The Development of New Chelates for Magnesium, Calcium and Zinc Ions

Abstract

Metal cations such as Mg2+, Ca2+ and Zn2+ play a range of fundamental roles in biology. In particular, changes in their concentration are thought to play an important role in normal cellular function. The ability to measure and manipulate these concentrations is vital for furthering our basic understanding of biochemistry and to controlling it. Access to selective chelants for these cations is therefore highly desirable. Currently available chelants for Mg2+, Ca2+ and Zn2+ have various problems, mainly relating to selectivity.
In Chapter 2, the development of a new synthetic route to o-aminophenol-N,N,O-diiacetic acid phosphinate (APDAP) ligands is presented. They are analogues of the famous o-aminophenol-N,N,O-triacetic (APTRA) ligand. An improved synthesis of the methylphosphinate-containing ligand has been developed, which also gives access to novel phenyl and naphthyl derivatives. The phenyl-containing ligand showed improved sensitivity (Kd ~ 2 mM) for Mg2+ while retaining the same relative selectivity for this cation over Ca2+ and Zn2+. The naphthalene derivative displayed a 5-fold turn-on in emission intensity when chelated to Mg2+.
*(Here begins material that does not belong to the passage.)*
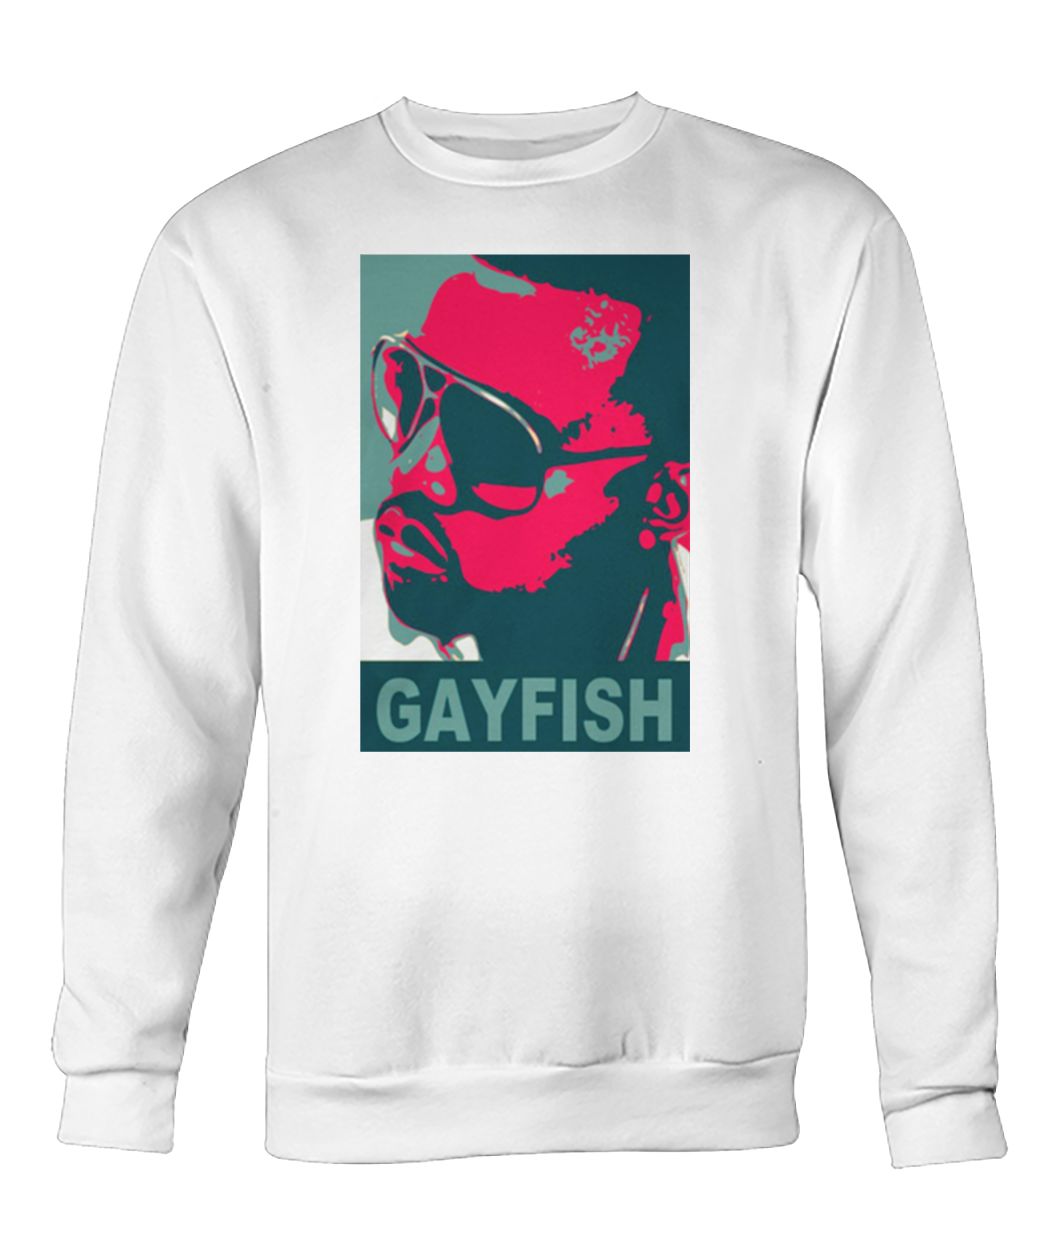 South park kanye west is a gay fish crew neck sweatshirt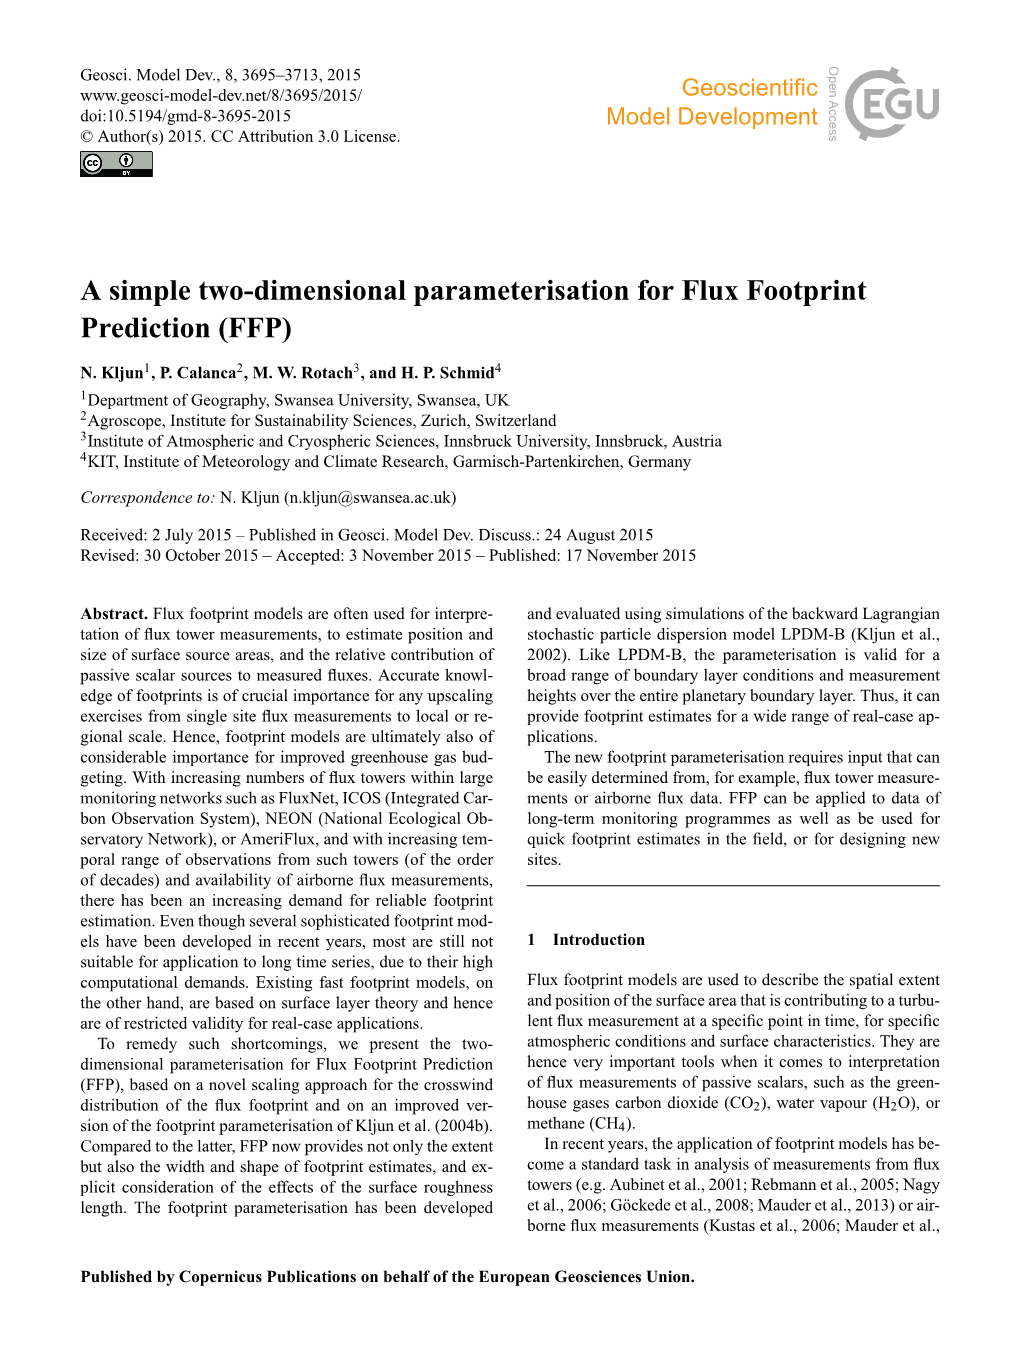 A Simple Two-Dimensional Parameterisation for Flux Footprint Prediction (FFP)

In Chapter 3, the chelates developed in Chapter 2 were conjugated to a range of luminescent reporter groups. Attachment of naphthalene, naphthalimide and 4,4-difluoro-4-bora-3a,4a-diaza-s-indacene (BODIPY) groups to the aminophenol ring of APDAP ligands was achieved. The fundamental photophysical properties of these ligands were studied, as well as their responses to Mg2+, Ca2+ and Zn2+. Depending on the fluorophore, some of the sensors obtained show promise as probes for Mg2+ and others for Ca2+. A naphthalene-containing APDAP-based probe was synthesised that displayed a stronger emission response to Mg2+ (5-fold enhancement) than Ca2+ (2.5-fold enhancement). Meanwhile, by connecting the APTRA ligand to the β position of a BODIPY dye, a sensor with a stronger response to Mg2+ (2.5-fold enhancement) over Ca2+ (1.5-fold enhancement) was discovered.
Finally, the synthesis of a new set of sulfur-containing chelates is described in Chapter 4. Replacing the oxygen in APTRA by sulfur resulted in a new chelate, S-APTRA, which showed improved selectivity for Zn2+¬ and high binding affinity (Kd ~ 7 nM). A lower-denticity analogue, with a methyl rather than a carboxylate unit on sulfur, displayed excellent selectivity for Zn2+ and had a lower binding affinity (Kd ~ 8 μM). Oxidation of the sulfide in these compounds to sulfoxides resulted in ligands with Kd values in the high μM and low mM range.